The Letter, Issue 19, Summer 2000, Pages 92 - 116
LACAN READS ROUSSEAU: A NARRATIVE INSTANCE OF THE BODY-IN-PIECES
Katharine Swarbrick
Lacan reads Rousseau: a narrative instance of the body-in-pieces
Book VII of Rousseau's Confessions involves the story of an encounter between Jean-Jacques and Zulietta, a Venetian courtesan, which presents one of the richest highlights of an autobiography whose status is paradigmatic. I have read this episode in conjunction with a spectrum of Lacanian theory which has as its focus the psychopathological incidence of anxiety and its effects on the emotional and perceptual faculties of the human subject. My objective in bringing Rousseau and Lacan together is to look afresh at the possibilities yielded by psychoanalytic inquiry into the work of Rousseau, and to provoke further exploration and discussion of the ways in which our understanding of autobiographical texts can be revitalised by detailed readings inspired by the work of major psychoanalytic thinkers.

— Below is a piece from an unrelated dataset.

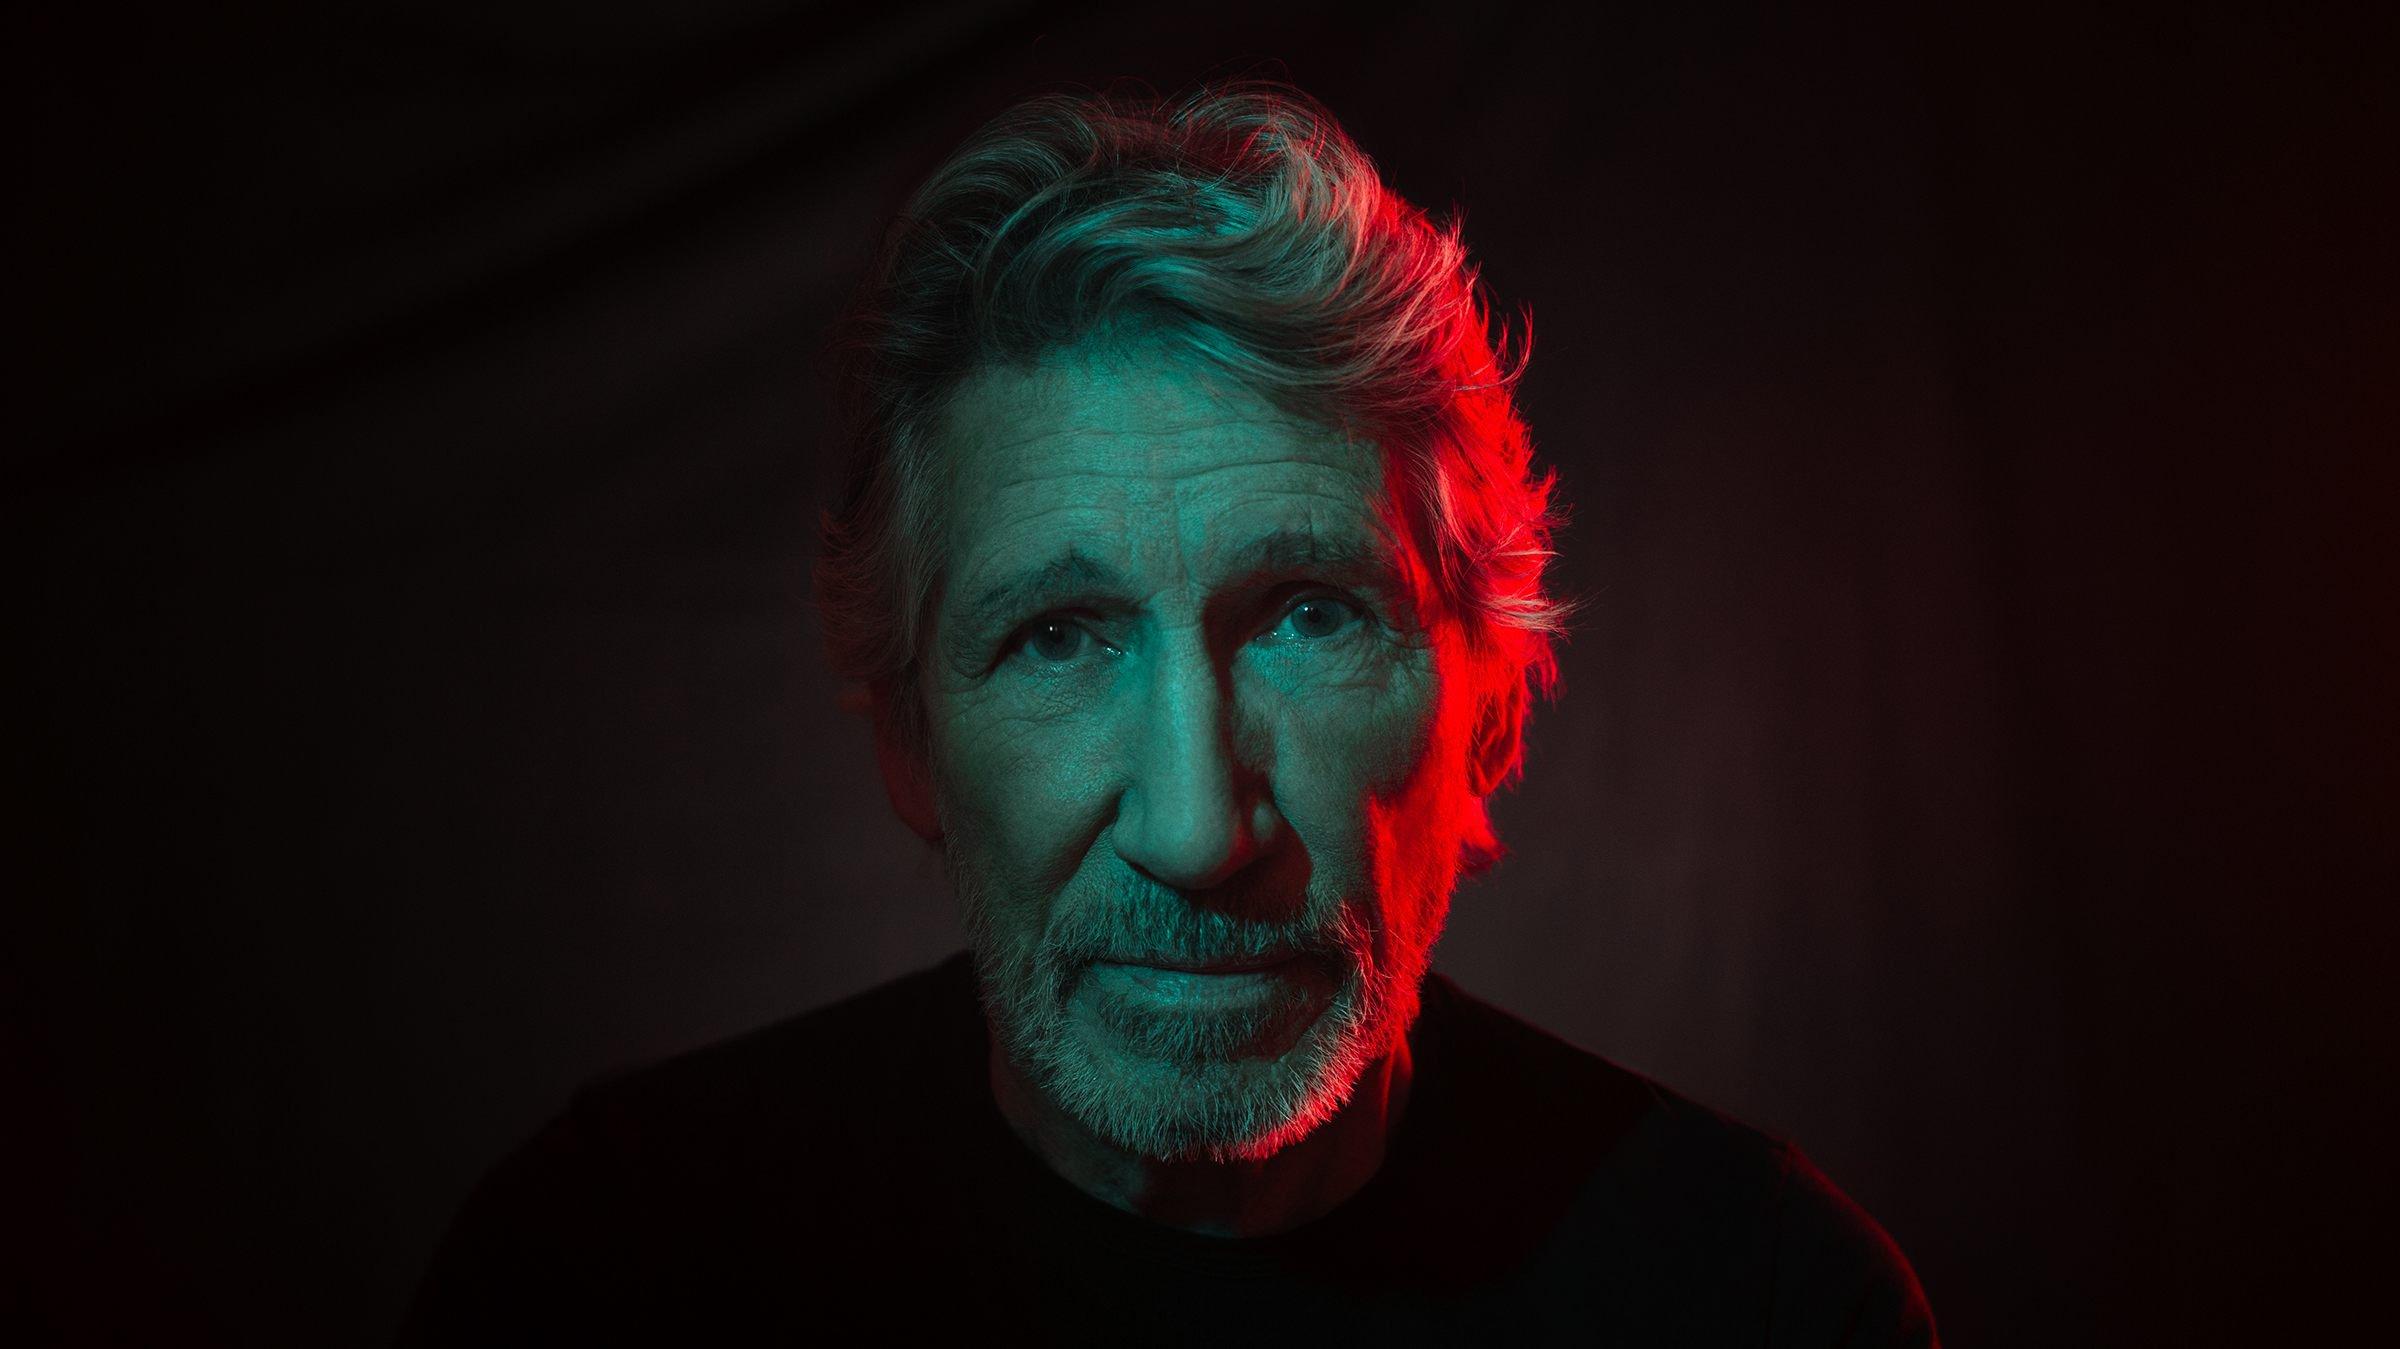 Roger-Waters-anuncia-tour-norteamerica-2020.jpg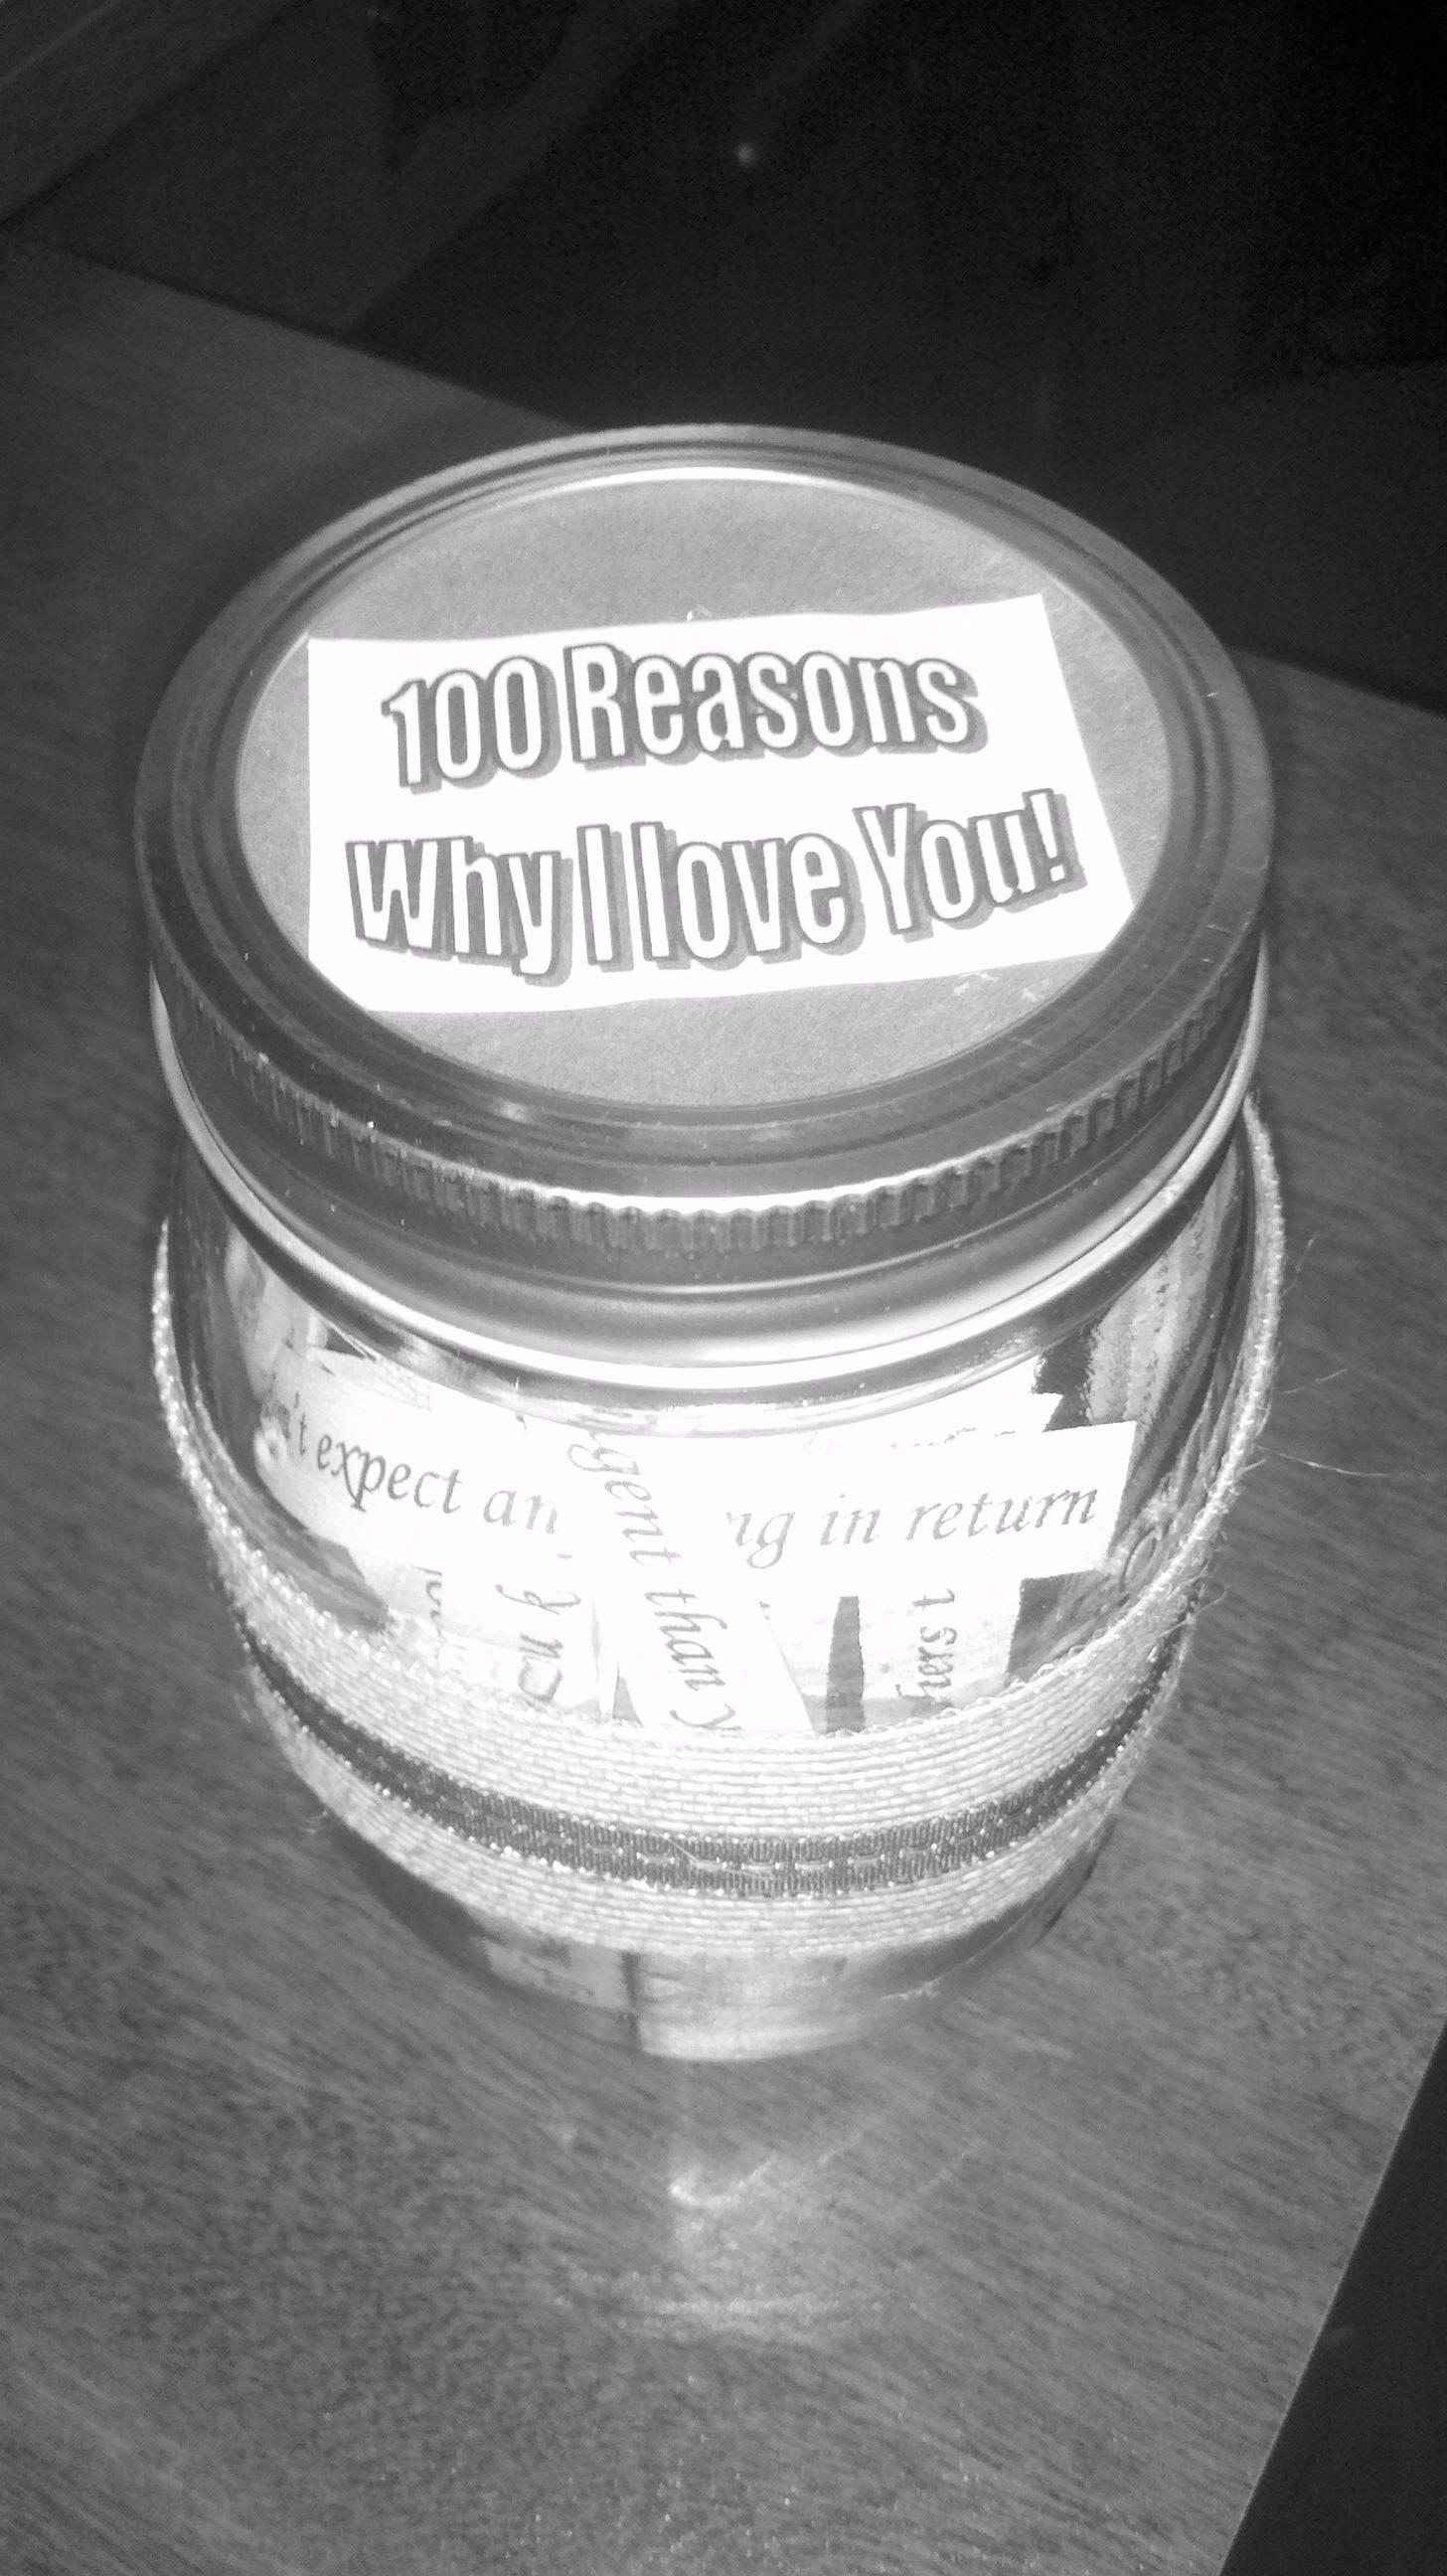 100 reasons why 'I love you'

Psychoanalysis abounds with idols in the form of idealised figures which it theorises as projections of the idealised image of the self. The analyst thus proposes that the idealisation of the human form is dictated by
narcissism, and is both intersubjective and intrasubjective in nature.[1] In Lacanian theory these two related levels are structured by the interplay of three psychical registers; and it is on a particular relation between the registers that the cohesion of the idealised form of the body rests. The Imaginary, Symbolic and Real as these registers are now widely known, respectively span the realms of space and visual images, language and meaning, and an absolute dimension, distanced by the others, which, for
Lacan, the subject cannot directly approach or tolerate.[2] The emergence of
the ideally integrated body is thus inseparably linked with the subject's projection of a coherent sphere of reality in which it can move with a degree of assured predictability.